Le Tribunal a le pouvoir de «rendre la décision, l'ordre ou l'ordonnance qui, à son avis, aurait dû être rendu en premier lieu». Or, les nouvelles dispositions sont en vigueur depuis le 6 octobre 2022 et elles sont d'application immédiate. Appliquer ces dispositions au présent dossier ne constitue pas une application rétroactive, mais plutôt rétrospective. De plus, la position de l'employeur, lequel a demandé de ne pas appliquer ces dernières, revient à demander la reconnaissance de droits acquis à la CNESST. Or, selon la doctrine, le droit acquis ne s'applique pas à l'administration, et l'application immédiate s'impose lorsqu'une nouvelle loi est favorable à l'administré. En outre, même si le Tribunal refusait d'appliquer les nouvelles dispositions, il a tout de même l'obligation d'utiliser la règle du précédent faisant autorité, soit le stare decisis, et d'interpréter la loi en tenant compte de l'obligation d'accommodement, comme il a été décidé par la Cour suprême dans Caron.

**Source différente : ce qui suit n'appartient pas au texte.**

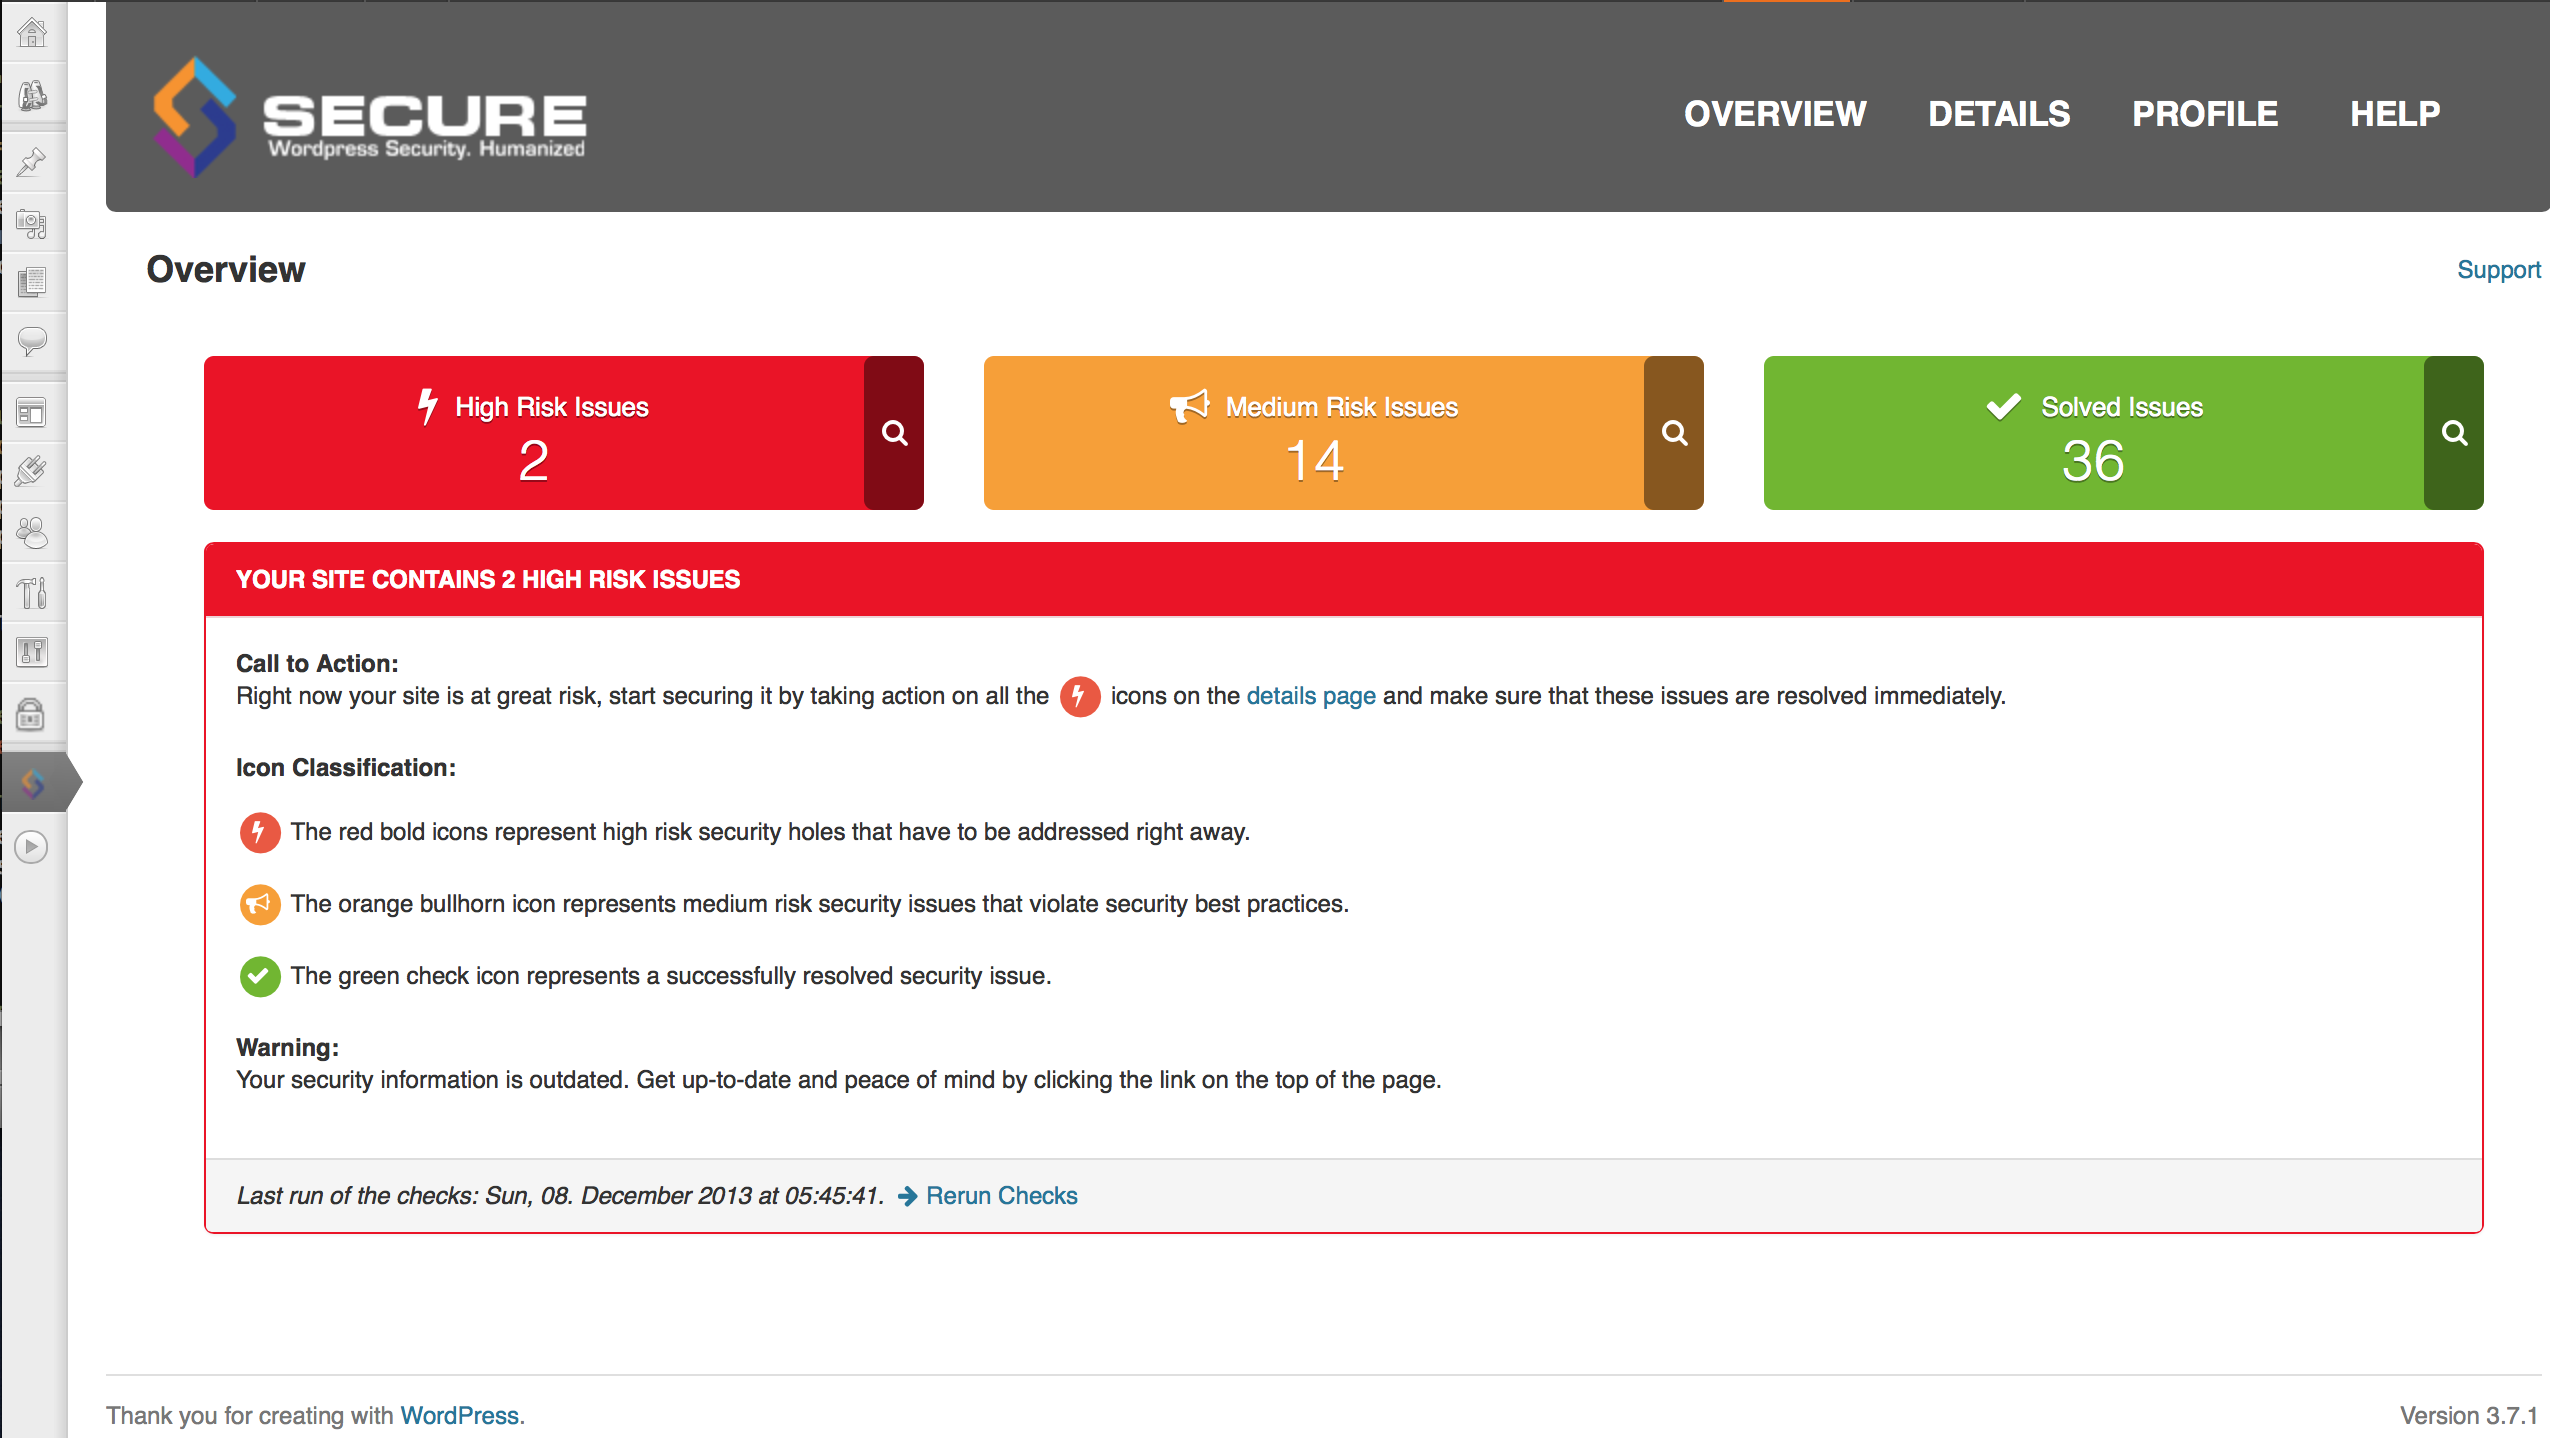 The start page of the plugin gives you an immediate overview of the security issues of your site.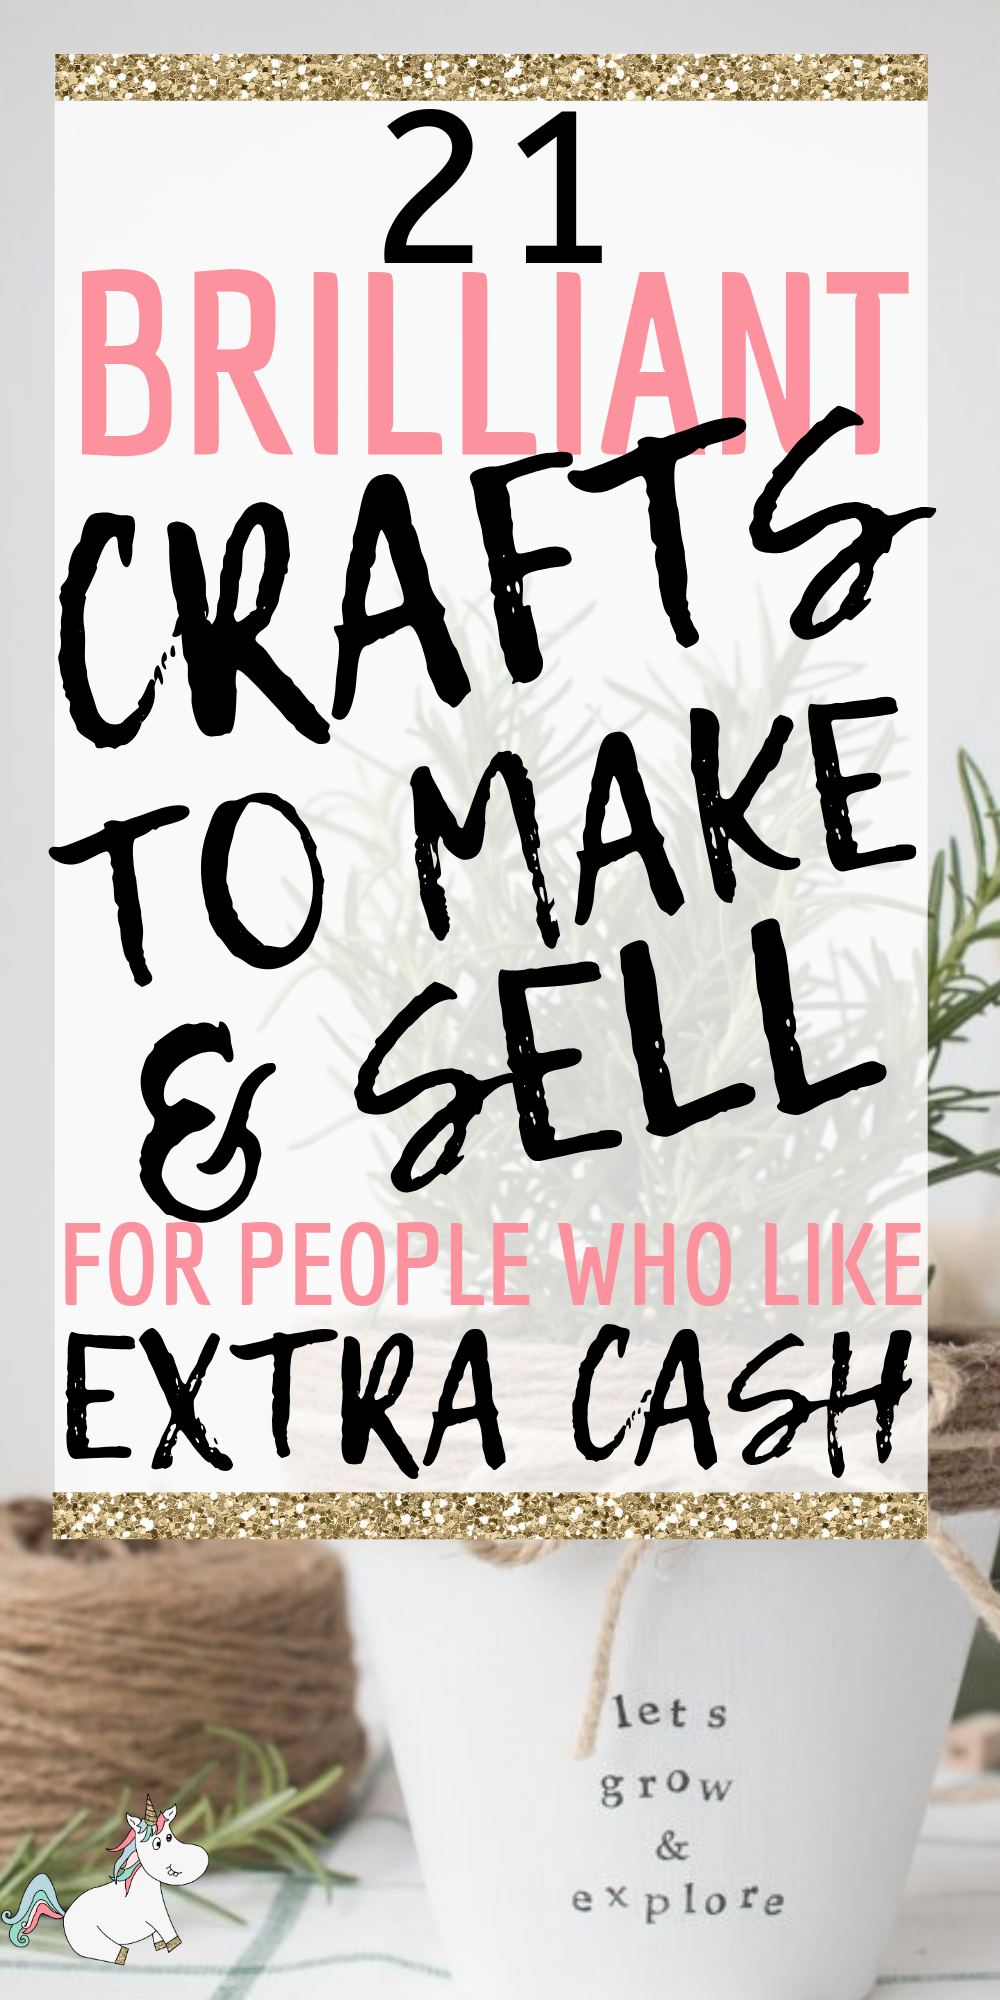 21 Brilliant Crafts To Make And Sell For Extra Cash In 2019 -   18 diy projects To Sell homemade ideas

Quant au fond du litige, la CNESST a appliqué les dispositions de la loi telles qu'elles existaient avant le 6 octobre 2022 tout au long du processus de réadaptation professionnelle. Le 5 mars 2021, elle a laissé un message à l'employeur pour savoir si un emploi convenable était disponible. Cette démarche correspondait à l'application des dispositions figurant à l'article 170 LATMP avant les modifications apportées par la Loi modernisant le régime de santé et de sécurité du travail. Selon les notes évolutives des échanges entre l'employeur et l'agente de la CNESST, un poste d'agent administratif a été envisagé. L'accès à cet emploi nécessitait de passer un test d'aptitude relatif à certaines applications bureautiques, et le travailleur s'est montré prêt à suivre la formation requise à cet effet. Or, le motif invoqué par l'employeur pour écarter cet emploi constitue un grave préjugé, ce dernier ayant prétendu que le travailleur ne pourrait pas réussir le test, et ce, même après avoir suivi cette formation. Même en appliquant les anciennes dispositions, la CNESST aurait pu prendre en considération ce poste à titre d'emploi convenable et offrir au travailleur la formation nécessaire. En effet, l'emploi était disponible, le travailleur était intéressé par celui-ci et l'employeur a même déterminé la mesure de réadaptation qui aurait permis à ce dernier d'être capable d'occuper le poste avant l'expiration du délai pour l'exercice de son droit de retour au travail, soit une formation portant sur certaines applications bureautiques. La CNESST a toutefois joué le rôle passif prévu dans les anciennes dispositions de la loi puisqu'elle a simplement attendu que l'employeur lui dise s'il avait ou non un emploi convenable à offrir au travailleur. Il est exact qu'elle a tenté d'exercer de la pression sur l'employeur en lançant quelques ultimatums. L'obligation d'accommodement n'a toutefois pas été prise en compte avant de conclure qu'il était impossible de déterminer un emploi convenable chez l'employeur. La CNESST devra déterminer s'il existe ou non un emploi convenable chez l'employeur, et ce, en tenant compte des nouvelles dispositions de la loi qui incorporent la notion d'«obligation d'accommodement». À la lumière de cette conclusion, la décision de la CNESST relative à la détermination d'un emploi convenable de livreur de petits colis ailleurs sur le marché du travail et à la capacité du travailleur à exercer cet emploi doit être annulée, car elle est prématurée.